Plusieurs dossiers sensibles ont été évoqués : les enquêtes sur les événements de février 2021 à février 2024, la revue des contrats miniers et pétroliers, les audits fonciers sur le littoral et le domaine de l’État, ainsi que le dossier de Yakaar-Teranga, dont le contrat gazier expire en juillet 2026, avec 55 millions de dollars d’indemnités attendues par l’État.

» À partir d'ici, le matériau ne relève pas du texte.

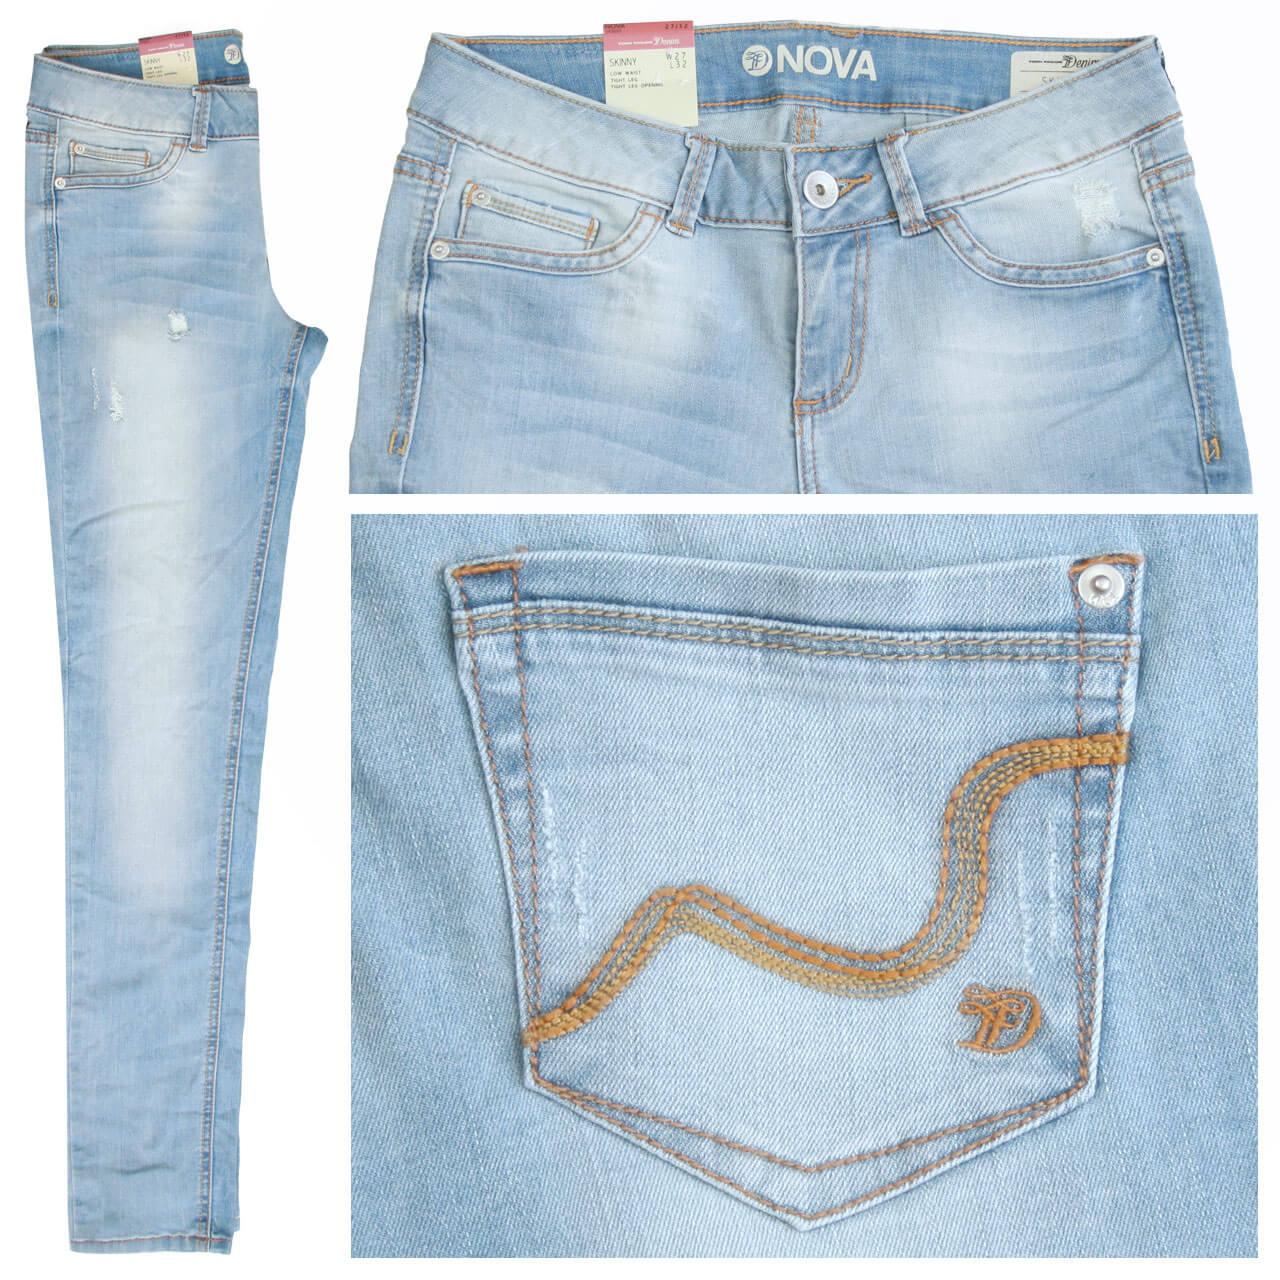 TomTailor-Nova-Jeansbleachedvintage
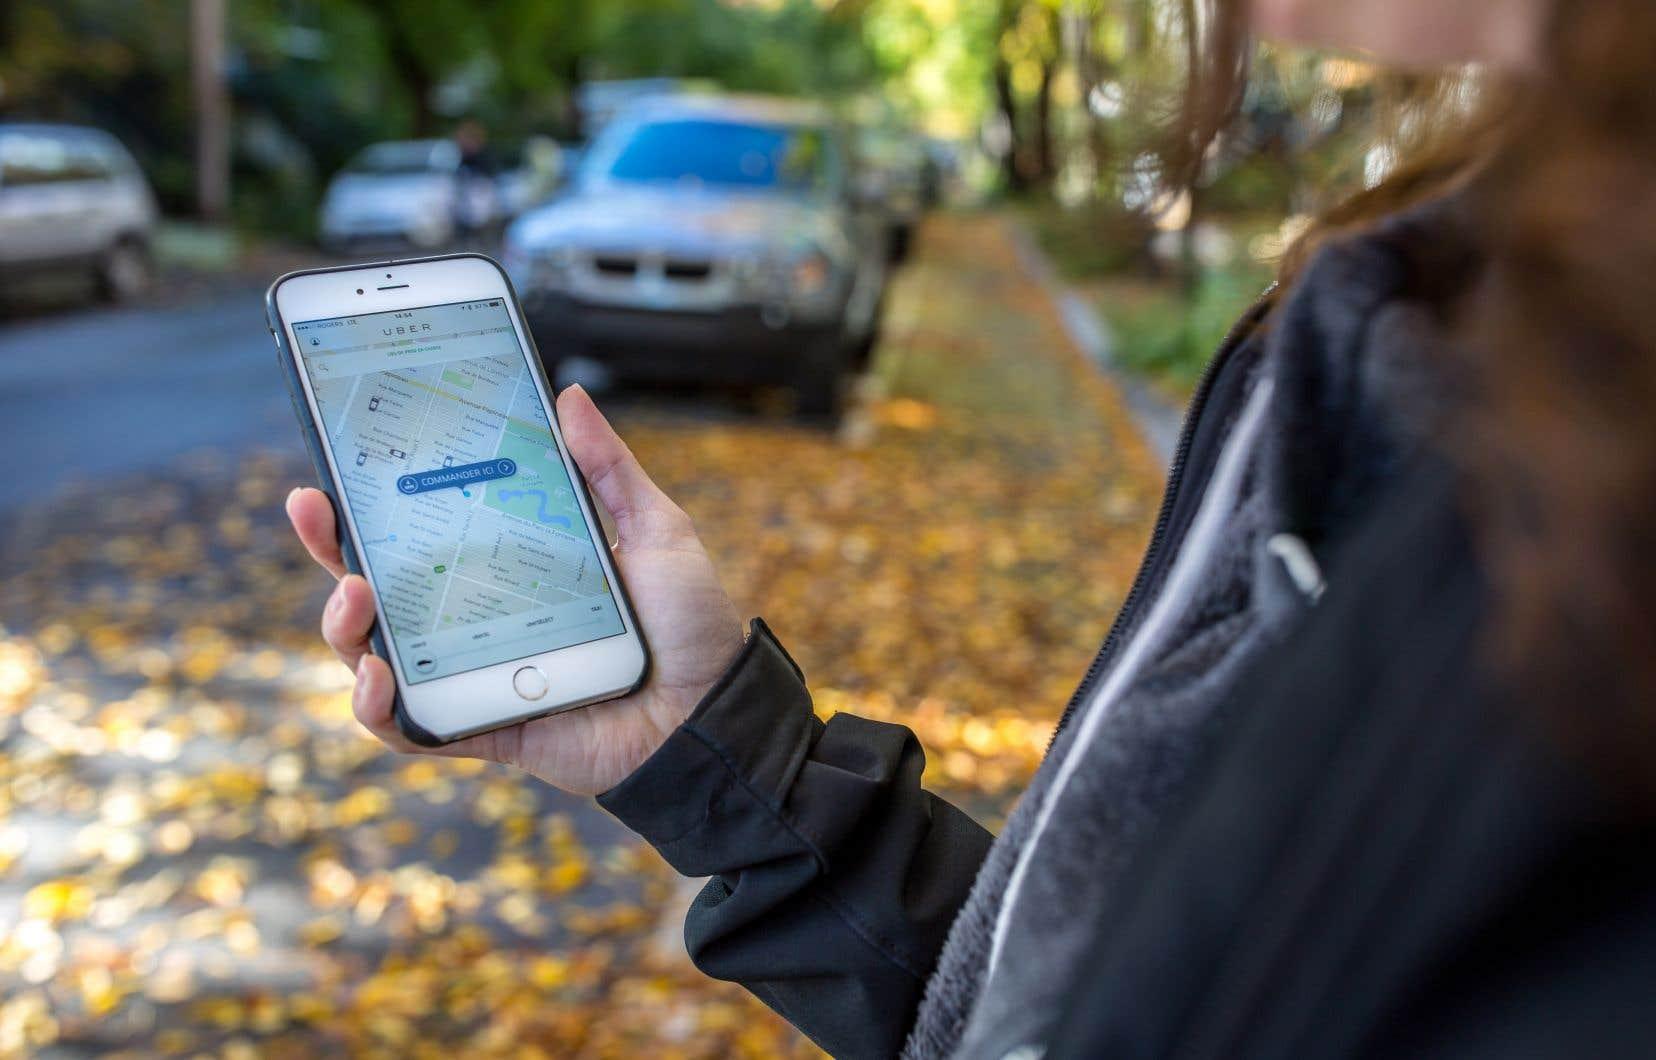 <p>Les médecins et les manufacturiers de téléphones ou d'appareils médicaux sont au fait de ce risque pratiquement depuis le premier jour, mais la puissance de l'aimant dont sont munis les iPhone 12 ramène le phénomène à l'avant-scène.</p>

Sur le plan diplomatique et sécuritaire, il a rappelé la fin, depuis juillet 2025, de toute présence militaire étrangère sur le sol sénégalais.

Des projets dits « catalytiques » ont été présentés comme structurants pour la décennie : développement gazier de Yakaar-Teranga, réseau gazier national, modernisation du raffinage (SAR 2), hub minier de Kédougou, Grand Transfert d’eau, nouvelle ligne ferroviaire Dakar-Tambacounda-Kidira, quatre nouveaux hôpitaux régionaux, et le Dakar Millenium Center, projet urbain de 500 milliards de FCFA à Ouakam.

Ahmadou Alhaminou Lo a conclu en plaçant la stabilité institutionnelle, macroéconomique et sociale au cœur de son action, « l’aiguille de la boussole », tout en appelant à un effort collectif des Sénégalais, fondé sur le civisme fiscal, la consommation locale et le volontariat. « Ce gouvernement ne demande pas à être jugé sur ses intentions, mais sur son efficacité et ses résultats », a-t-il martelé, promettant des revues trimestrielles d’exécution qu’il présidera personnellement.